The city of Providence has many other areas that can attract tourism and condo development without destroying a key economic contributor such as the Port of Providence. The state should focus on selling the existing luxury condos that are vacant due to economic hardships, rather than creating additional buildings. People cannot afford pricey luxury apartments/condos anymore. Many existing condos are being auctioned for almost 70% off of the original asking price. The city should focus on creating good paying jobs for the people of RI while the unemployment rate is on the rise.


Saturday, May 5, 2012

The emerging economy of Russia and effects of international factor movements.


As an introduction, Carbaugh (2010) states that, “The economic forces underlying the international movement of factors of production are virtually identical to those underlying the international flow of goods and services. Productive factors move, when they are permitted to, from nations where they are abundant (low productivity) to nations where they are scarce (high productivity). Productive factors flow in response to differences in returns (such as wages and yields on capital) as long as these are large enough to more than outweigh the cost of moving from one country to another.”

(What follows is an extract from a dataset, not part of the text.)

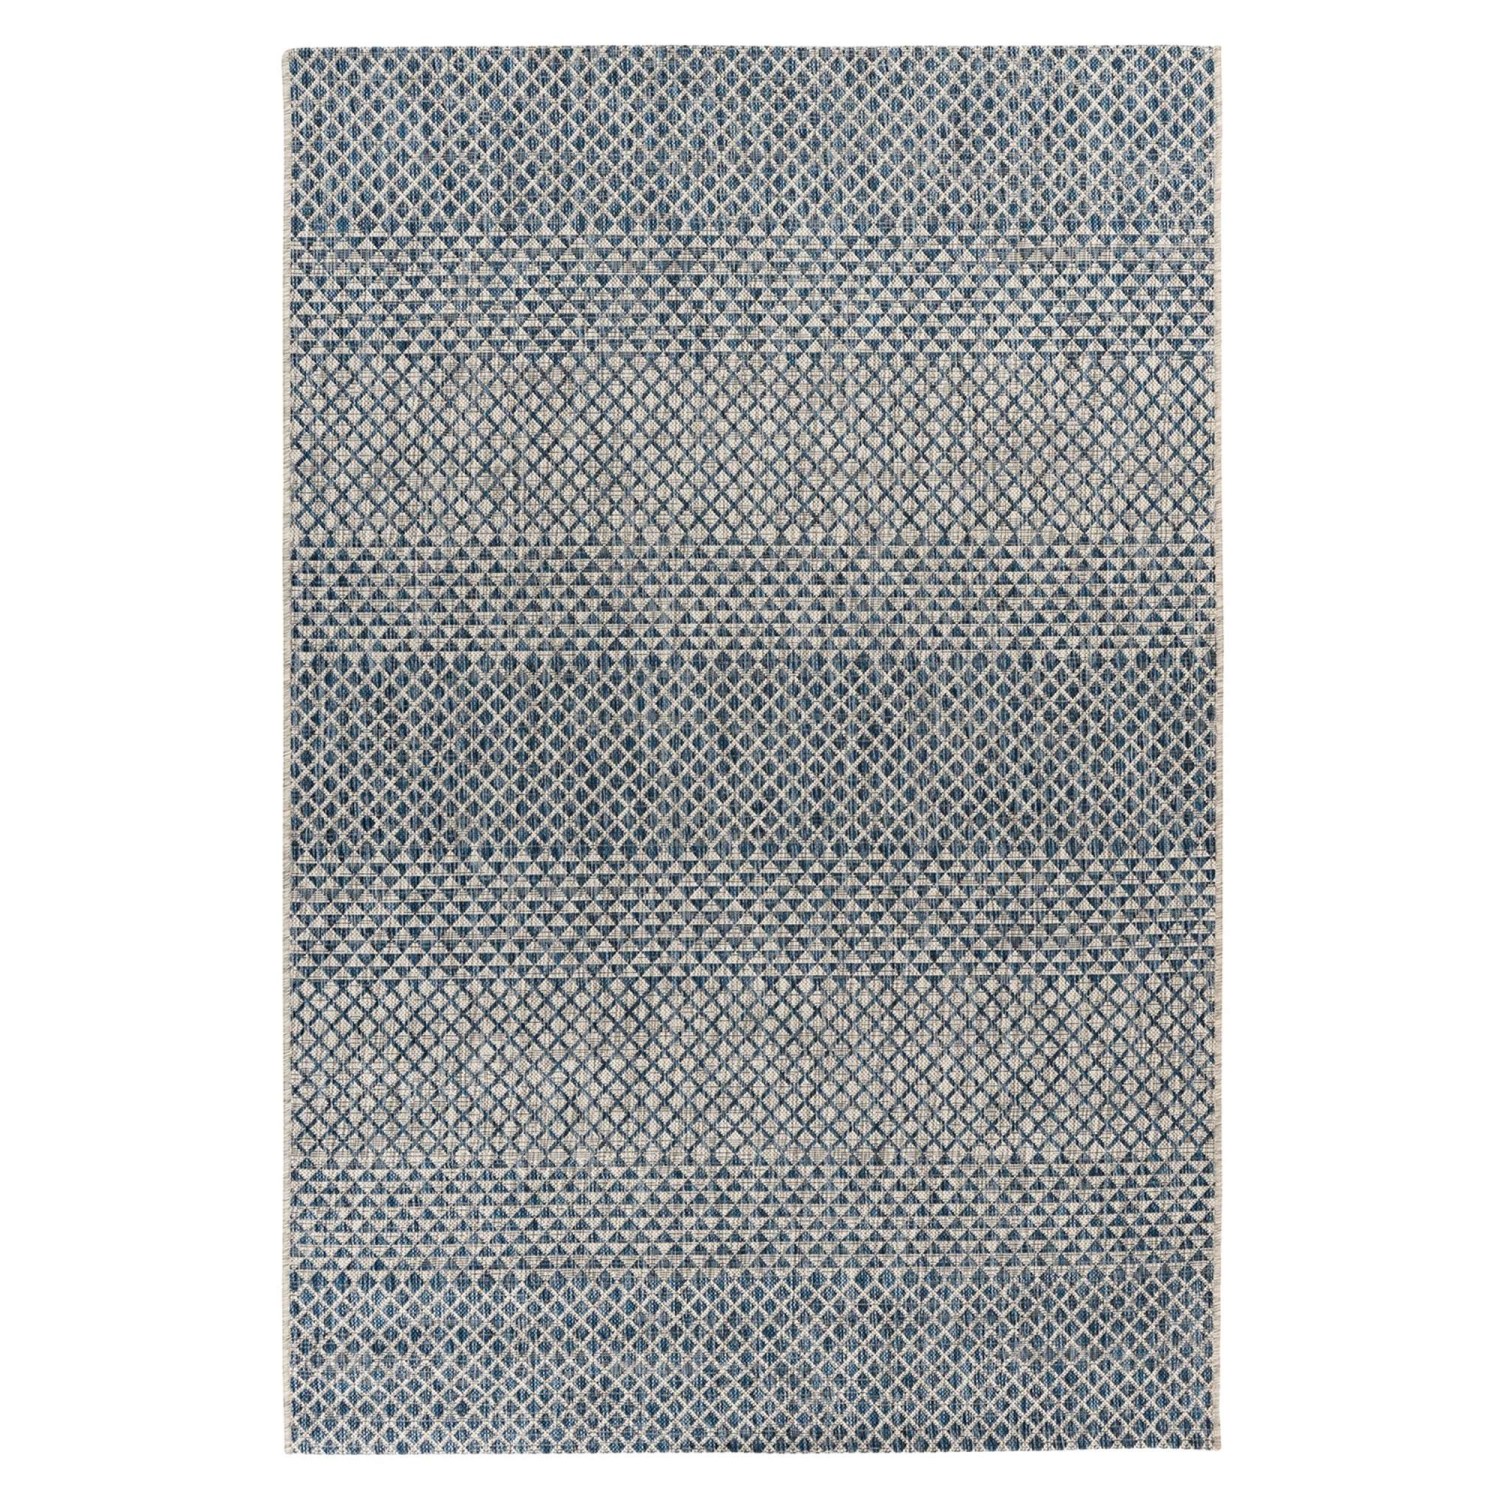 MeGusta Kurzflor Teppich Orientalisch Blau 160x230 cm Clara günstig online kaufen

Below are some general facts of Russia provided by Migration Information Source

Population: ……………………………  140,702,096 (July 2008 est.)
Population growth rate:………………..   -0.474% (2008 est.)
Birth Rate:……………………………..  11.03 births/ 1,000 population (2008 est.)
Death Rate:…………………………....  16.06 deaths / 1000 population (2008 est.)
Net Migration Rate:……………………  0.28 migrants / 1000 population (2008 est.)
Ethnic groups:…………………………   Russian 79.8%, Tatar 3.8%, Ukrainian 3%,
                                                                Bashkir 1.2%, Chuvash 1.1%, other or 
                                                                unspecified 12.1% (2002 census)


The Russian Federation is the largest country in physical terms, with nearly twice the territory of Canada and the United States.  It shares a land border with 14 countries and requires 450 different official border crossing points.  The official currency is the Russian Ruble, which is one of the world’s oldest currencies. The currency has had its high and lows, but grew steadily after the authorities announced that they would no longer allow independent countries to print Russian national currency.  However, once the Asian financial crises his Russia in the 1998 the value of the ruble dropped.  Today 1 USD is equal to 29.36 rubles.

According to Nation Branding & Investment, Russia has a market economy with enormous natural resources, predominantly oil and natural gas. It has the 10th largest economy in the world by nominal GDP and the 6th largest by purchasing power parity.  More recently, higher domestic consumptions and greater political stability have strengthened economic growth. In 2002-2003, as fuel prices rose, FDI flows into Russia increased tenfold over time due higher profit results, and Russia became one of the top countries in the world for inward FDI. Russia’s main focus now is on the quality of long-term investments to ensure that technology and innovations flow into the country, along with capital, modern-production facilities, and the creation of jobs.

It is often argued that migration is needed in order for Russia to maintain growth and stability. Due to Russia’s higher death rate, than that of births as listed above, without immigration it would be necessary to raise the retirement age to 73, however the life expectancy for men and women combined is only 65.

Beginning is 1993 Russia also began its accession to the WTO.  This is a process that may be used as an important tool for economic development.  WTO accession will impact a wide range of policies and institutions, including tariff policy, customs administration standards, rights of foreign investors, agricultural policy, intellectual property and possibly government procurement.  Russia has negotiated most favored nation status or better with all its significant trading partners.  I look forward to seeing Russia’s growth and international economic continuations in the near future.